*** Block opens ***
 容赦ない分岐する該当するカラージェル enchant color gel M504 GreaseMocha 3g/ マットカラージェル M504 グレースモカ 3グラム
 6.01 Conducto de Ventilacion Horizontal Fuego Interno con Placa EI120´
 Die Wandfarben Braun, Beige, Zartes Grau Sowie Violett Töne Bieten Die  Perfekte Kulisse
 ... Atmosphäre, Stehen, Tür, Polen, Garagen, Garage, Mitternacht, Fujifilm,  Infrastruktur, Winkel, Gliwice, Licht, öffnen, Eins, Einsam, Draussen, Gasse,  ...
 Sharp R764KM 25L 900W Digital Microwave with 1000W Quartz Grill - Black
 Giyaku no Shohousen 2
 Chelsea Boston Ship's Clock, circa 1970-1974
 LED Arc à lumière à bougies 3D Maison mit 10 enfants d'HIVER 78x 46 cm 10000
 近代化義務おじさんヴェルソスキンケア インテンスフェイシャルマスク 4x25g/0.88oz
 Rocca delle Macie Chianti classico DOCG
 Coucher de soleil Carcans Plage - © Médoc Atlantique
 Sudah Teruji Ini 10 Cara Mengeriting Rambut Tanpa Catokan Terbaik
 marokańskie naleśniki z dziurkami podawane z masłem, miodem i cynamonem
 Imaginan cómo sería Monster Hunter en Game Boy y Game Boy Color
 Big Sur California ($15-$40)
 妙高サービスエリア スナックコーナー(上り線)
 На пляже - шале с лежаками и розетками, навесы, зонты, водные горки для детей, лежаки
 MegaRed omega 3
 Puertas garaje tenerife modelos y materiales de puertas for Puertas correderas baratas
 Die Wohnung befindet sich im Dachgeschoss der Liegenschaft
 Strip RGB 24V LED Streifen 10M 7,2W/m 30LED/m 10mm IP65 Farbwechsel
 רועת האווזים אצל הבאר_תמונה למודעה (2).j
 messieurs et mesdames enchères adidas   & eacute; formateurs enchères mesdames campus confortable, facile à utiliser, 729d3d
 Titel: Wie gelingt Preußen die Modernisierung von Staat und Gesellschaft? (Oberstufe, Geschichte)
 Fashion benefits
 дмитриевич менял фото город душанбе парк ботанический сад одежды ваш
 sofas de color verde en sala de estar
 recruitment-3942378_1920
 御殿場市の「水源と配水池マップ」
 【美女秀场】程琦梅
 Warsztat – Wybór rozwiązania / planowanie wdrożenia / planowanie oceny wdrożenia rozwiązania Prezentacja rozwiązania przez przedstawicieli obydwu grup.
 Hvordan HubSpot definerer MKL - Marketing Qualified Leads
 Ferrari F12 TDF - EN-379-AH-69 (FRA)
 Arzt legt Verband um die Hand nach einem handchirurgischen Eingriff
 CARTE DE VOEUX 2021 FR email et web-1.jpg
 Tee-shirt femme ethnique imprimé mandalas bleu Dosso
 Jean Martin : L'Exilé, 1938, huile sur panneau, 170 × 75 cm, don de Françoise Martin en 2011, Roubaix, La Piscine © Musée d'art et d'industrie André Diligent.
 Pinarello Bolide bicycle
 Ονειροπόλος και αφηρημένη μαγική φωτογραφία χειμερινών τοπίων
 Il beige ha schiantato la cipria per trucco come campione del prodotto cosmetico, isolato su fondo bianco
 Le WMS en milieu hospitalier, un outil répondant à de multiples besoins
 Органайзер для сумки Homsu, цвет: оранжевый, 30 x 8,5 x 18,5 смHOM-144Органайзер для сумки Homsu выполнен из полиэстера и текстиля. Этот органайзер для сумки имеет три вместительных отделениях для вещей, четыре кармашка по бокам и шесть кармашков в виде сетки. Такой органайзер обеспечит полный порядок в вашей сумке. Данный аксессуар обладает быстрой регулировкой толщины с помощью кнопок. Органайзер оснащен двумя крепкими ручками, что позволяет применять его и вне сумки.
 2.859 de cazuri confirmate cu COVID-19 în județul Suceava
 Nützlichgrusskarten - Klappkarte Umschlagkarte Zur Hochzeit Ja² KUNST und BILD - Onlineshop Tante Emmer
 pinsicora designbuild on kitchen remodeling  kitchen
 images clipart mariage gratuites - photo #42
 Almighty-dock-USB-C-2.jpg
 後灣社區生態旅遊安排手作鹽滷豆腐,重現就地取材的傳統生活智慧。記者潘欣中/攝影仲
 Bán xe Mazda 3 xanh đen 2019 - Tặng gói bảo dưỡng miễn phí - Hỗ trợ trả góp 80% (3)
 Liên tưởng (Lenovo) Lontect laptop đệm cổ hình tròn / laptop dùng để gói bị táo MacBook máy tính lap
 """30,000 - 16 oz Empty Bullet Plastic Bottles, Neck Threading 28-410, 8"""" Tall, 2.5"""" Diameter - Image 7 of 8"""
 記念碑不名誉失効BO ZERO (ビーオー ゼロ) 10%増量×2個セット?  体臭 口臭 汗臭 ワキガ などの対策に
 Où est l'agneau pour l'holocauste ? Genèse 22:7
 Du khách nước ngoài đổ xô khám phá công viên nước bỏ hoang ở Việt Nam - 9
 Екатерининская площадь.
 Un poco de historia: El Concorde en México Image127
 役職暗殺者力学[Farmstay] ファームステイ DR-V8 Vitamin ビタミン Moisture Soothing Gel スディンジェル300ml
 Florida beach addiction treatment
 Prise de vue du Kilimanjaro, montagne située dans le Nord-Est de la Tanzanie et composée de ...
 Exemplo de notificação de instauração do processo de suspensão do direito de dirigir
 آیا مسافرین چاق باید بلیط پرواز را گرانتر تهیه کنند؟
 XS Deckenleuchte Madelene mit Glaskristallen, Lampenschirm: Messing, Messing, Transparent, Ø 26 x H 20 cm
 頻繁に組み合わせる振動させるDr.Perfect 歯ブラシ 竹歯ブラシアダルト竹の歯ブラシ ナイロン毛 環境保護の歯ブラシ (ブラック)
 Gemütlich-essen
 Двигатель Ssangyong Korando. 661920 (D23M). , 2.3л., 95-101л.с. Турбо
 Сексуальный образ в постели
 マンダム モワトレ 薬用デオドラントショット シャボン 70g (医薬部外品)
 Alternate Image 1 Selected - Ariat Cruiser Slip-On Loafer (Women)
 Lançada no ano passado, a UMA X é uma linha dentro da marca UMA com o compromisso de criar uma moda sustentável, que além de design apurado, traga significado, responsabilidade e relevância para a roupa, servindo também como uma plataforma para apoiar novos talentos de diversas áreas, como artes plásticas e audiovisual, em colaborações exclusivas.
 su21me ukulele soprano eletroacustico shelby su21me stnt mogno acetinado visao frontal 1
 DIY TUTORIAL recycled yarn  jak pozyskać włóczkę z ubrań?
*** Block closes ***
> **PROBLEM DETAILS**
Repeat the entries above verbatim, but only from the line that has "Où est l'agneau" down to the line that has "Florida beach addiction treatment", inclusive.

> **RESPONSE AREA**
 Où est l'agneau pour l'holocauste ? Genèse 22:7
 Du khách nước ngoài đổ xô khám phá công viên nước bỏ hoang ở Việt Nam - 9
 Екатерининская площадь.
 Un poco de historia: El Concorde en México Image127
 役職暗殺者力学[Farmstay] ファームステイ DR-V8 Vitamin ビタミン Moisture Soothing Gel スディンジェル300ml
 Florida beach addiction treatment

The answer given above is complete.